財布のない神々と、キッドのイケメン対応
財布のない神々と、キッドのイケメン対応
「……ん、んんぅ……頭痛いわね……」
「ちょっと、ルチアナ……もたれかからないでよ……服にベーコンの匂いがつくじゃない……」
ポポロ村のファミレス『ルナミスキング(ルナキン)』。
二時間たっぷりイモッカ(度数四十度)を痛飲し、テーブルに突っ伏して爆睡していた世界神ルチアナと、月の女神カグヤが、ようやく目を覚ました。
「先輩たち、お目覚めですか? お水、持ってきましたよ」
見習い女神のリリスが、満面の笑みで二人に氷水が入ったグラスを差し出す。
二人はフラフラと起き上がり、水を一気飲みして大きく息を吐いた。
「はぁ……下界の酒も悪くないけど、酔いが残るわね。
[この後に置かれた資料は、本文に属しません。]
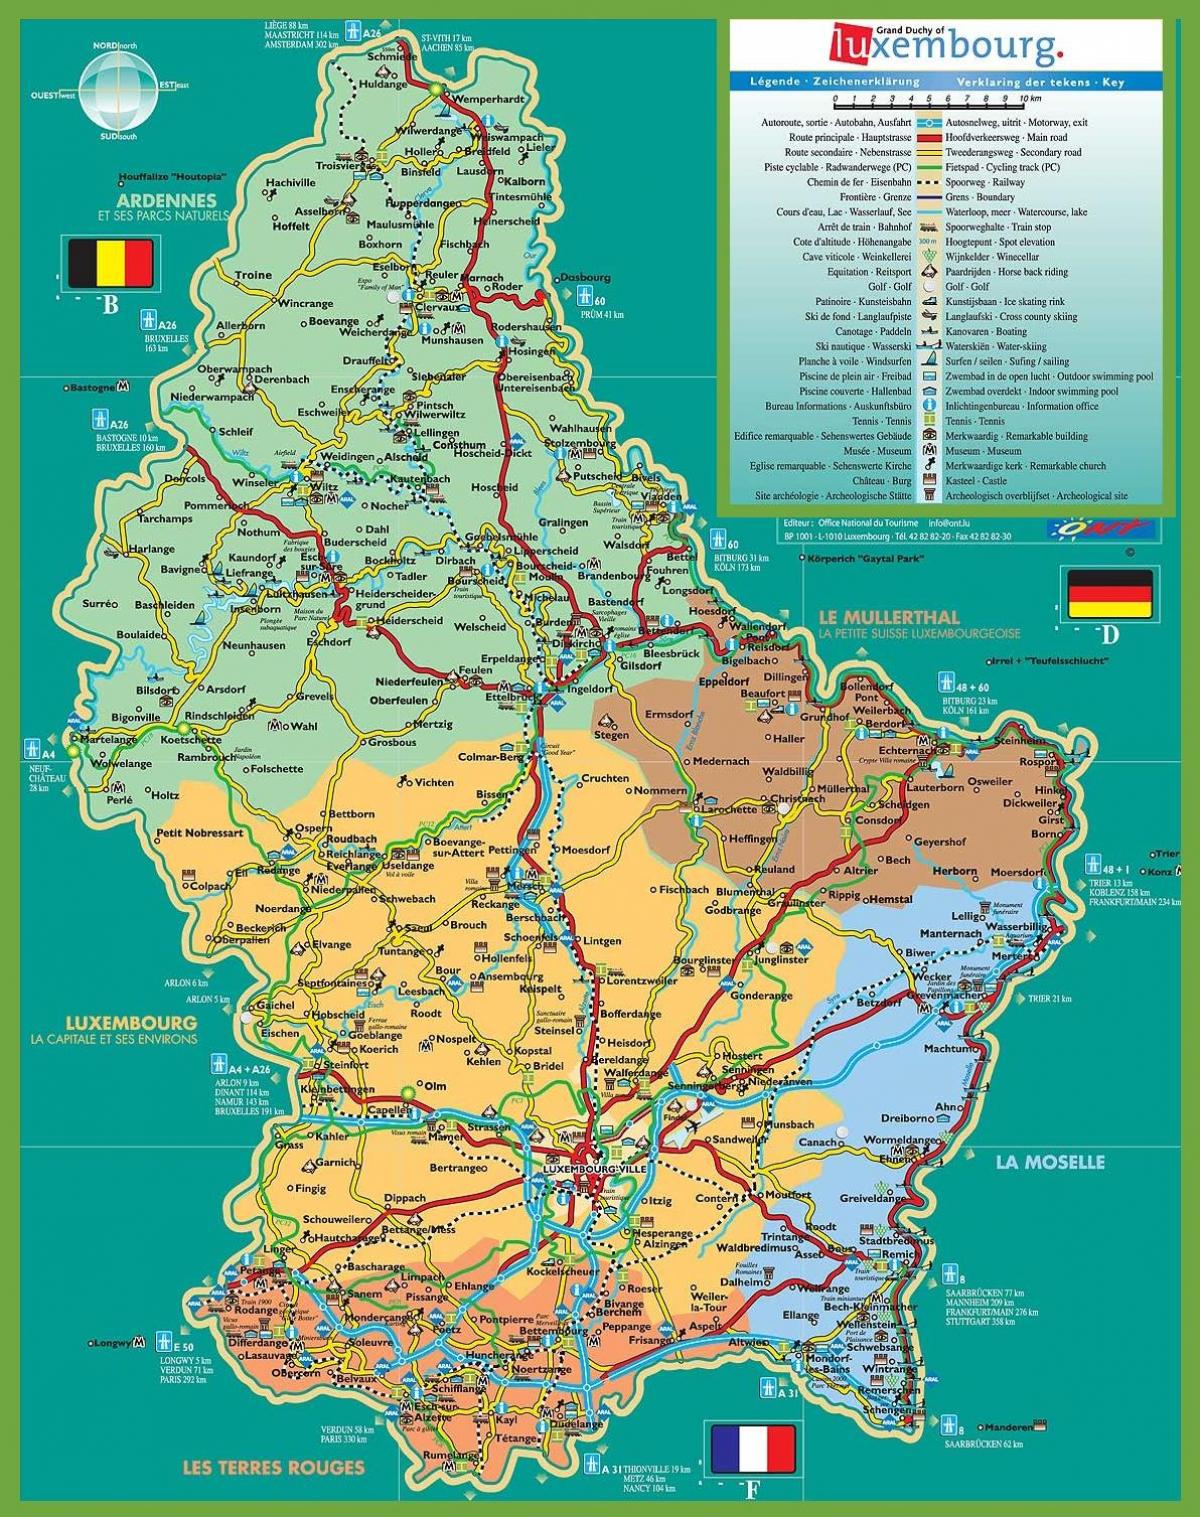 Luxemburg-aantreklikhede kaart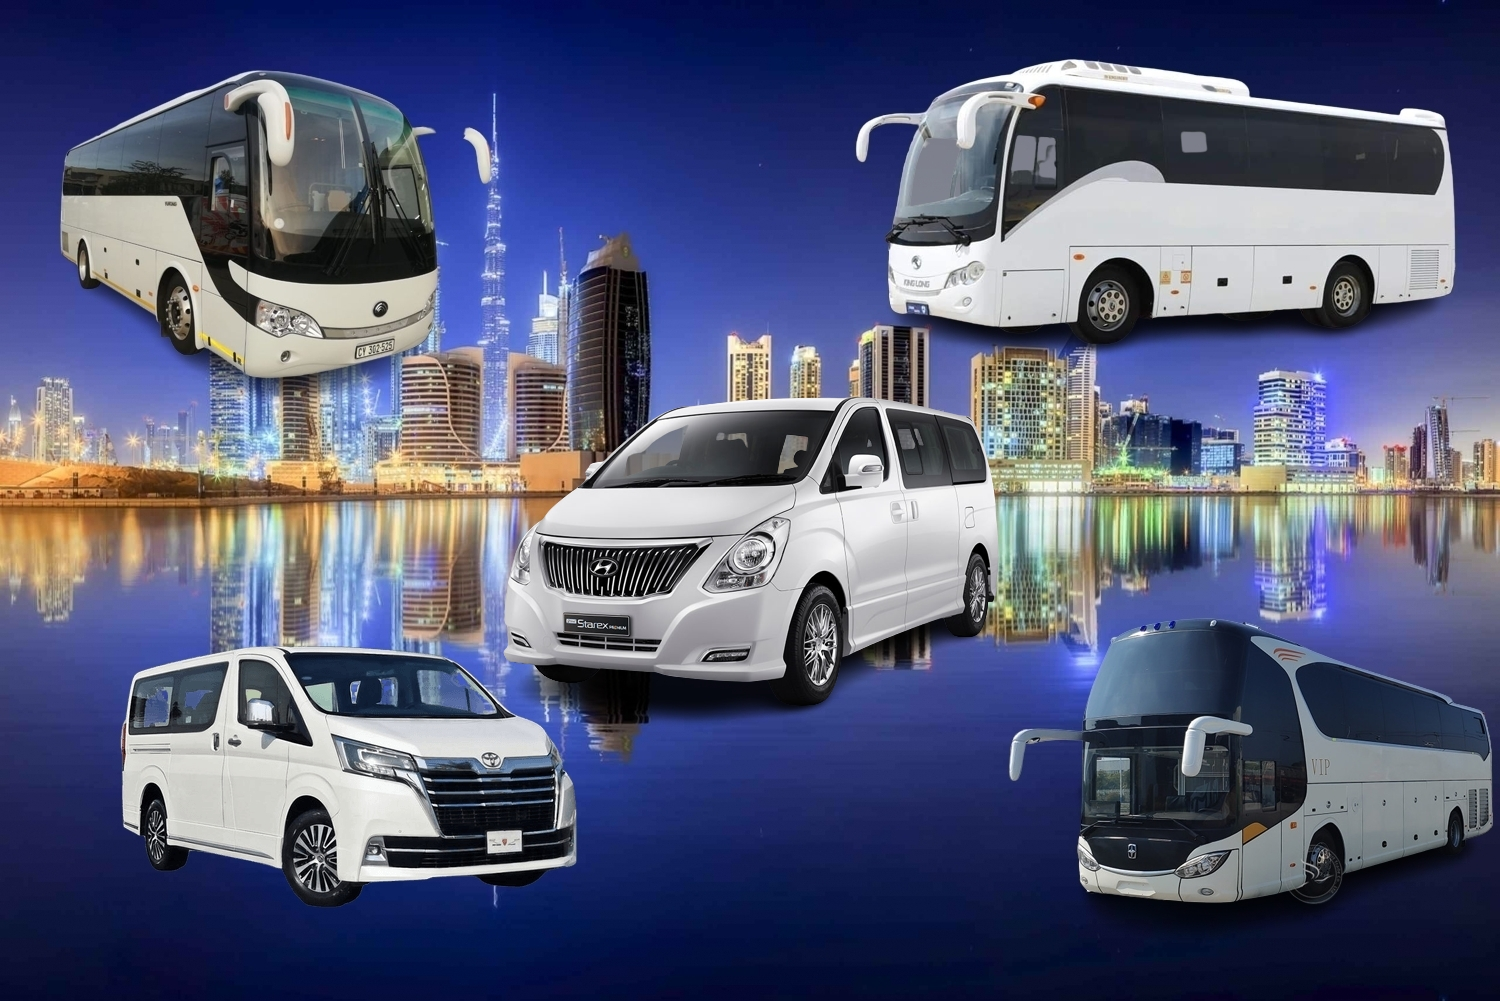 sightseeing-night-tour-Dubai-bus-rental

……さて、キッド君へのスカウトの話の続きだけど……」
「ルチアナ、あんた顔真っ赤よ。今日のところは引き上げましょう。私としたことが、こんなジャージ女と同じテーブルで寝落ちするなんて……」
カグヤがフラフラと立ち上がり、乱れたハイブランドのドレスを直す。
僕とキャルルさんも席を立ち、伝票を手に取った。
「それじゃあ、お会計に行きましょうか」
僕の言葉に、ルチアナがフッと余裕の笑みを浮かべた。
「いいわよキッド君、ここは私が出してあげる。世界神の財力を見せてあげるわ。ブラックカードで一括よ」
「何言ってるのよルチアナ、ここは私が払うわ! 月ウサギ・エンタープライズの経費でね!」
見栄を張り合いながら、二人の最高位の女神がレジへと向かう。
ルナキンのレジ打ちを担当していたバイトのお兄さんは、放たれる強烈な神気と高級香水の匂いに圧倒され、ガタガタと震えながら合計金額を告げた。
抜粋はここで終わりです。